Option 1 is trivial for an admin to choose simply by failing that device. This then removes the possibility for a stripe to be inconsistent and this whole discussion no longer applies.
The question then remains, is option 3 something that is worth implementing? Will the conditions that make it the preferred option happen often enough that it could be used, and would a typical admin be able to detect such a condition and thus choose to use it? These are not easy to answer.
Related is the question of how to implement it. There are a few options.

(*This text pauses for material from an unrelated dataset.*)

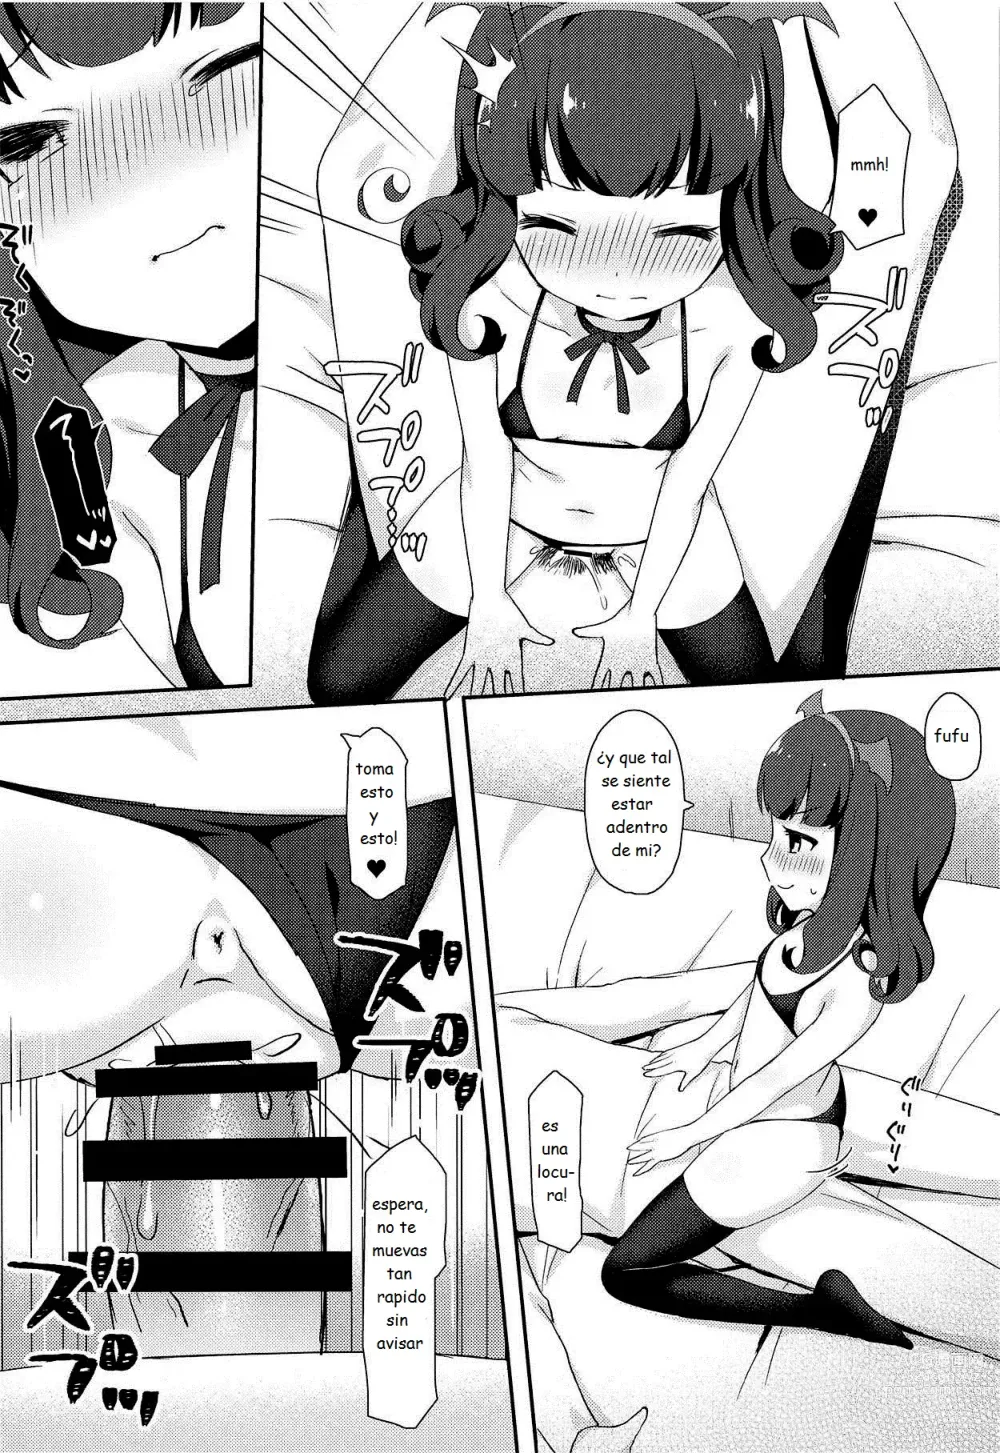 Page 11 of doujinshi sesion secreta con aroma-chan luego de la escuela

The first is to integrate the smart block comparison in to the already existing resync code with an option to enable either "simple" or "smart". However as mentioned above, this should really be combined with the ability to read and validate whole stripes before serving a read or write request against them. Otherwise you have the very real chance that a data block will appear to change and then change back again.
If such a scheme were implemented (which could be valuable despite its high cost), then including "smart" recovery as an option would make sense.
The next option is to run a normal scrub and log all the stripes which were inconsistent. This list could then be processed in user-space by some program which analyses all the inconsistencies to determine whether it is always just one block per stripe, and whether it is always the same device etc. It could then - possibly with sysadmin confirmation - request the RAID code to reconstruct individual blocks on individual devices as required.
Finally, it could be that once such errors are detected, it is best to stop using the array altogether until things are sorted out. In that case the "smart" recovery could all be done by a user-space program without bothering the in-kernel RAID code.
I think my preferred approach would be the second option. It seems to strike the right balance between being easy to work with, reasonably safe, and reasonably simple.
This would require that the scrub process provides a reliable log of inconsistent stripes, and that the raid code has the option to mark individual blocks as needing recovery. The former is something that we really want anyway, and the latter should fit well with the planned addition of a per-device bad-block-list. It could even be done entirely in user-space by suspending IO to the affected stripe (md already supports that), making the required update, then resuming IO.
Doing most of the work in userspace would allow the affected stripe to be mapped through the filesystem back to a particular file so higher level considerations could be applied to choosing the correct content.
So to conclude the conclusion, I acknowledge that the extra complexity of a "smart" recovery can sometimes be justified. However it should not be automatic, nor a default. It should only be used when an informed sysadmin (or other expert system) has made an explicit choice.